Edward Brown, MD, is Professor of Medicine at Brigham and Women’s Hospital in Boston, Massachusetts, USA. In 1993, Professor Brown reported the cloning and characterization of an extracellular calcium-sensing receptor from bovine parathyroid glands. This seminal discovery set the stage for a surge of interest in studying the function of the receptor in the parathyroid, kidney, bone and a host of other tissues, and also spurred the development of calcimimetics. Professor Brown has spent a distinguished career investigating how cells sense calcium and how calcium serves as an extracellular messenger in health and disease. He spoke recently with Neil Andrews, BoneKEy Features Editor, to discuss the circumstances surrounding the cloning of the receptor, the research it inspired and what there is still left to learn. An edited version of their conversation appears below.
BoneKEy: What was your path to medicine?
Edward Brown: I have many doctors in my family. My father was an orthopedist, and his father was an orthopedist, and in part because of that I swore I wanted to have nothing to do with bone! Things turned out otherwise. My maternal grandfather was also a physician who did research, but I found out only after I was well into my career that he had worked on calcium metabolism in cows, so I guess it is in the genes. The only other possibility I considered was getting a PhD, but I wanted to have contact with patients; I have always felt, particularly once I went into research, that if you understand the normal it can tell you what can go wrong, but if you study the abnormal it can also tell you how things go right, and I felt that was helpful in the research that I have carried out.
BoneKEy: What was the genesis of your interest in the calcium-sensing receptor?
Edward Brown: When I was a resident in the 1970s at the Peter Bent Brigham Hospital (now Brigham and Women’s Hospital) in Boston, I saw some patients with calcium disorders such as primary hyperparathyroidism, and I started to become interested in the parathyroid cell. Back then, most of us interested in research went to the NIH [National Institutes of Health] after we did our residencies, and when I talked to people there, one of the real stalwarts in the calcium field who impressed me very much was Gerald Aurbach, who was doing interesting work on calcium metabolism and hyperparathyroidism. But when I actually went down there for a fellowship, he had switched research interests to studying the beta-adrenergic receptor in turkey erythrocytes. Fortunately, he let me develop a system of dispersed parathyroid cells because I thought that if I studied what happened inside the cell when I changed calcium outside the cell, that might give some clues into the mechanism of receptor function. That general approach drove my research over the next several years.
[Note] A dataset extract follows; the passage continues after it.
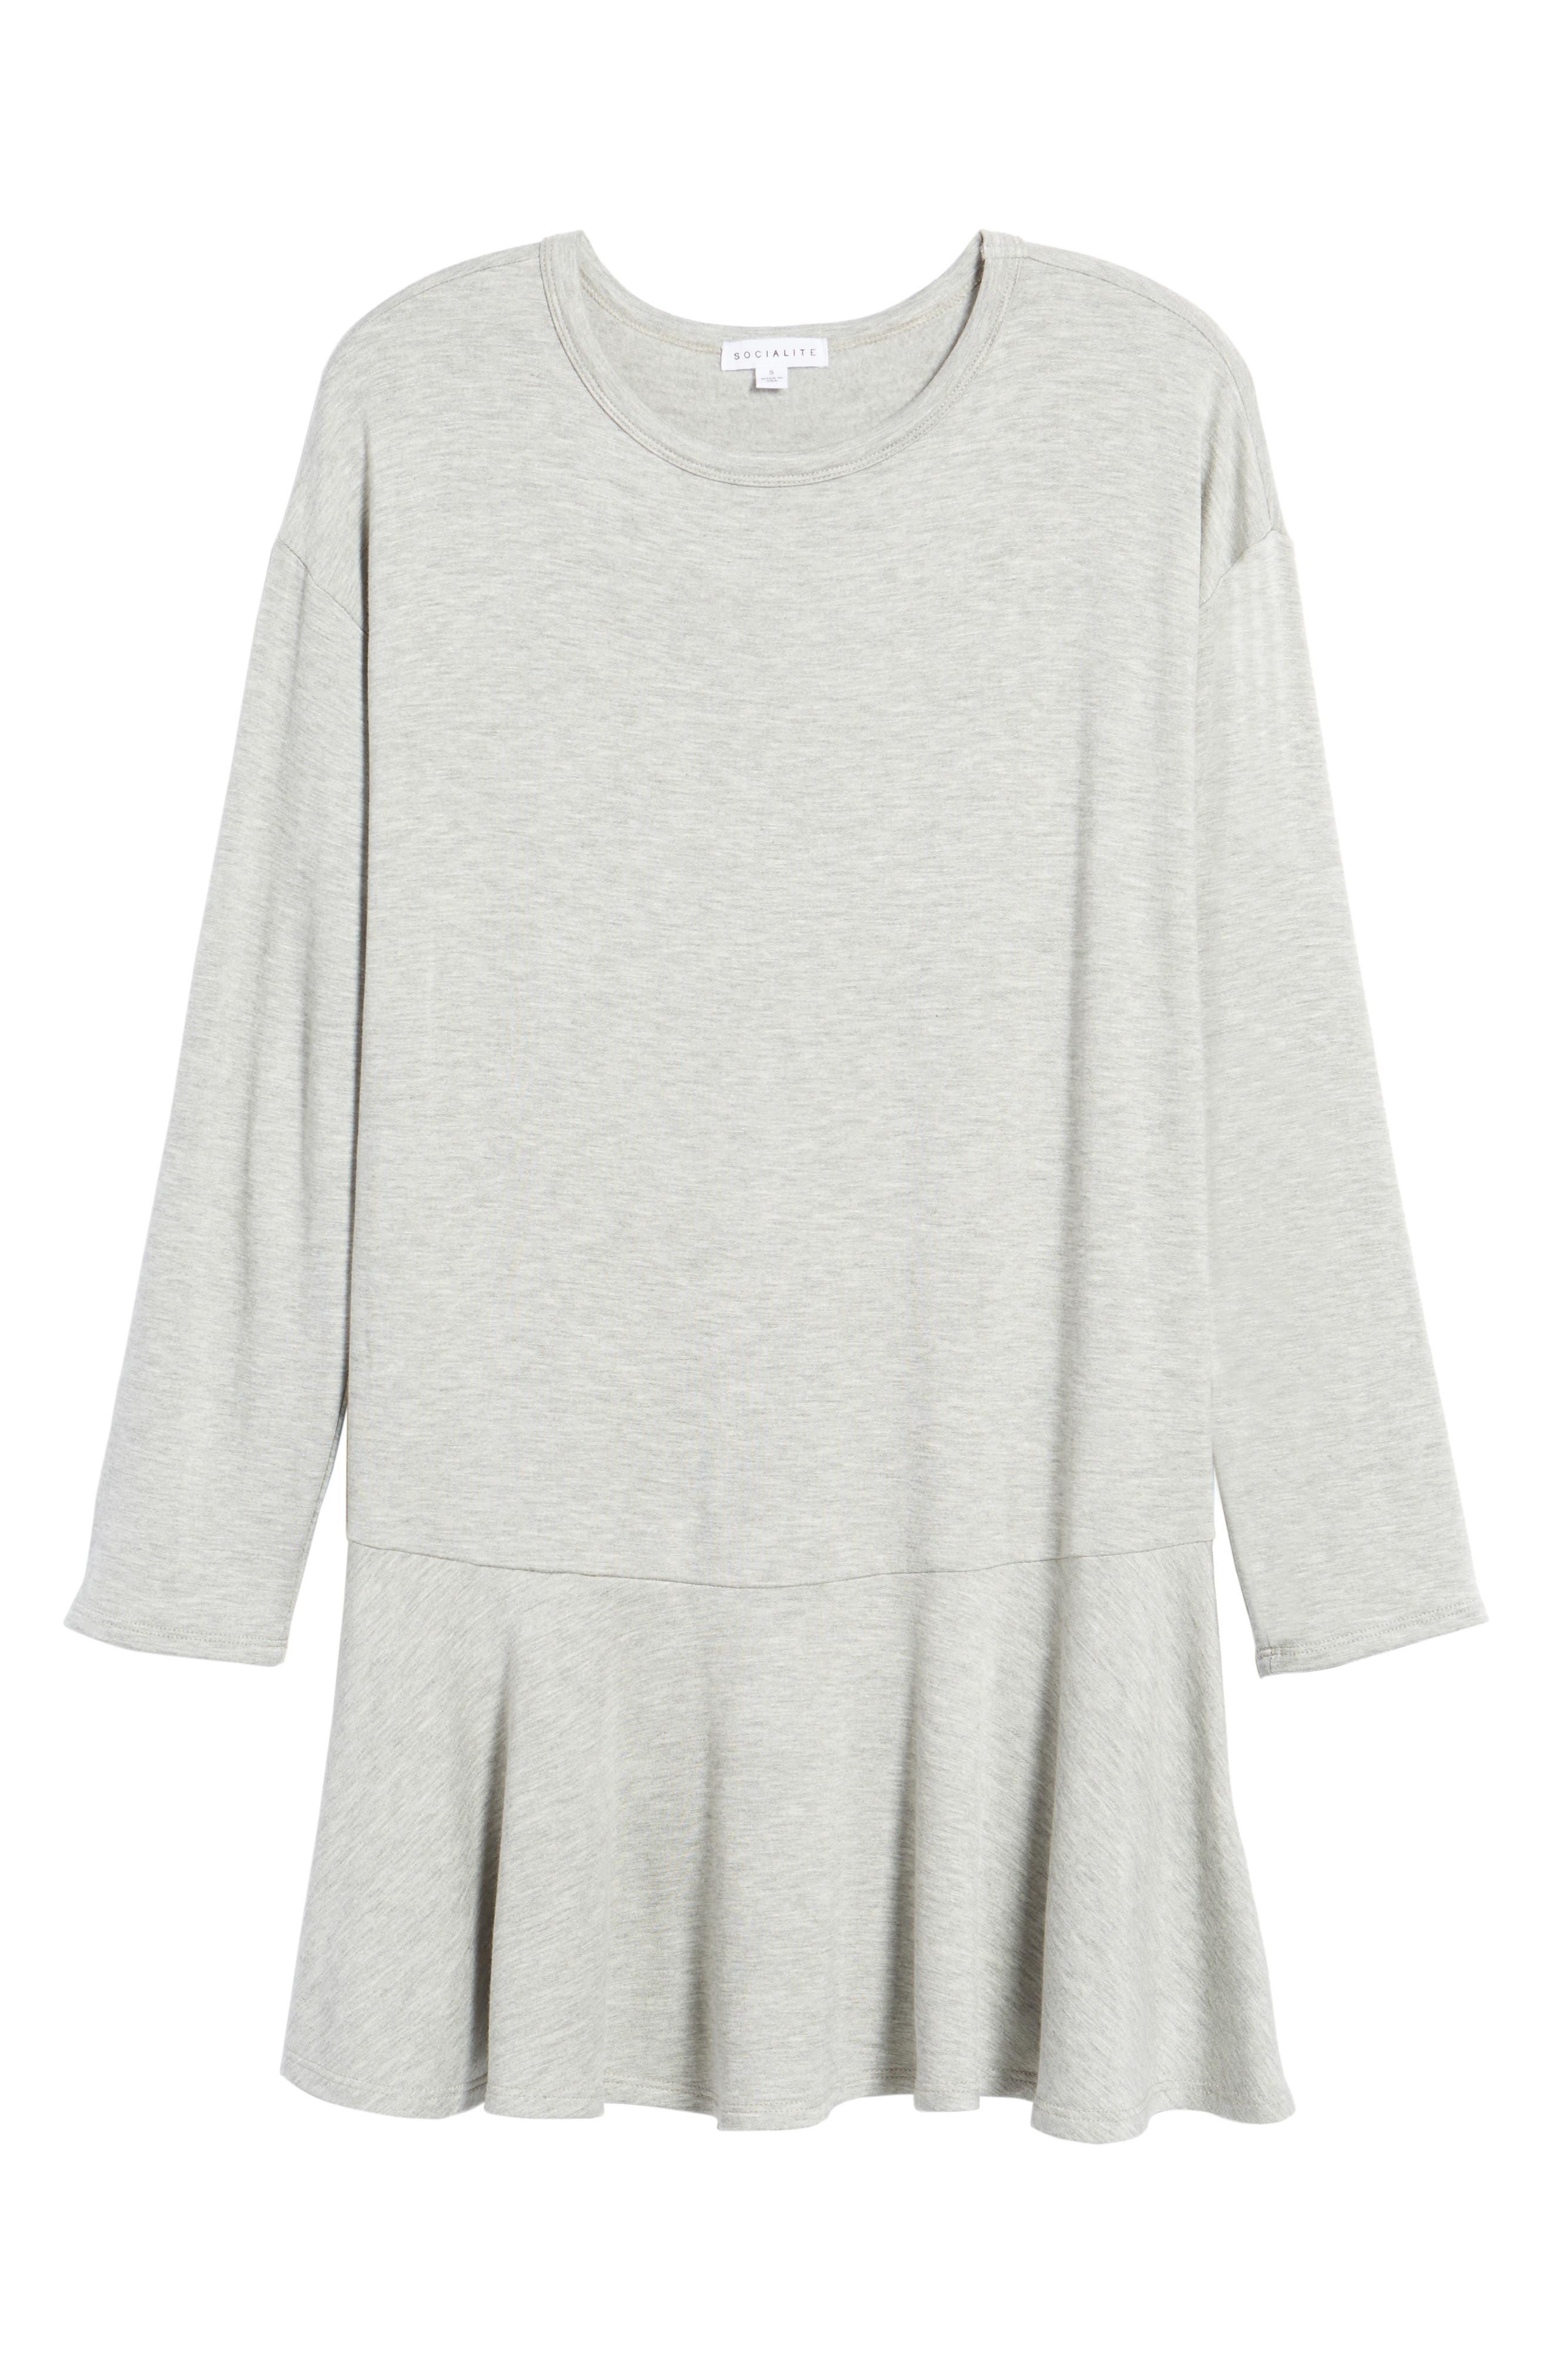 Drop Waist Sweatshirt Dress,                             Alternate thumbnail 6, color,                             Heather Grey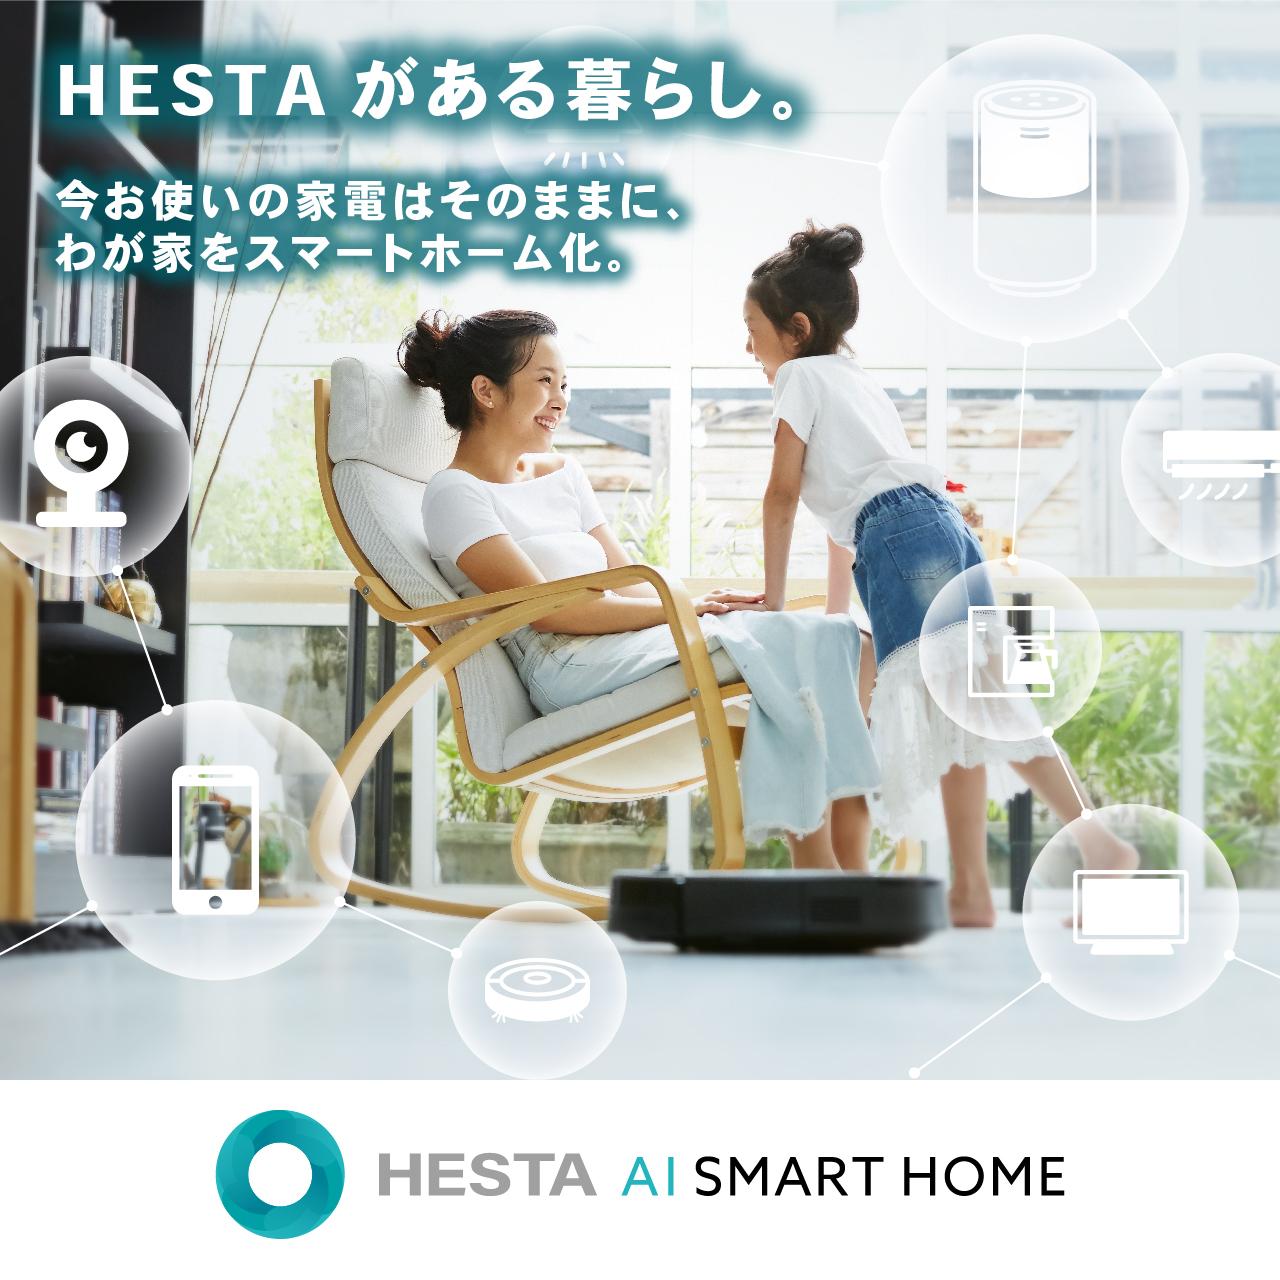 HESTA AI SMART HOME

When I came back to the Brigham in 1979, I continued to look at aspects of the parathyroid cell and how it responded to calcium that suggested it might be responding through a receptor-like mechanism. Others were working in this same general area, particularly Dolores Shoback, who had been a fellow with me, and Edward Nemeth, the father of calcimimetics and calcilytics, and also a group in Uppsala, Sweden. By the early 1990s, we were a select group of people who were ‘true believers’ in the existence of a calcium-sensing receptor—most people thought that it would be a calcium channel or some other mechanism that somehow sensed calcium, but we believed there was a type of G-protein-coupled calcium-sensing receptor.
I became aware that others were trying to clone the receptor, and I just couldn’t sit on the sidelines and watch that happen. I was very fortunate that Steven Hebert, a nephrologist who had developed a very successful expression cloning program in Xenopus laevis oocytes cloning renal transporters/cotransporters and ion channels, was working at the Brigham. I walked into his office one day, and he was talking to a fellow, but I interrupted, introduced myself, and asked if he would be interested in trying to clone a calcium-sensing receptor in the parathyroid cell. He said yes on the spot and that got us started.
BoneKEy: What was your approach to cloning the receptor?
Edward Brown: We were trying to turn the Xenopus oocyte into a parathyroid cell by injecting messenger RNA from parathyroid glands, and if the G-protein-coupled receptor is then expressed by the oocyte, that cell should become responsive to calcium under conditions where normally it is not responsive. We used electrophysiological measurements of a calcium-activated chloride channel as a readout, providing the ‘signature’ of the calcium-sensing receptor. We found, however, that high calcium concentrations had no effect on the cells, and we were somewhat taken aback, but earlier work we had done showed that trivalent cations such as gadolinium activated the receptor and were more potent than calcium. We decided that we would try gadolinium instead of calcium as our receptor agonist, and fortunately the oocytes responded to it. But it was an act of faith that if we cloned the gadolinium receptor it would turn out to be the calcium-sensing receptor.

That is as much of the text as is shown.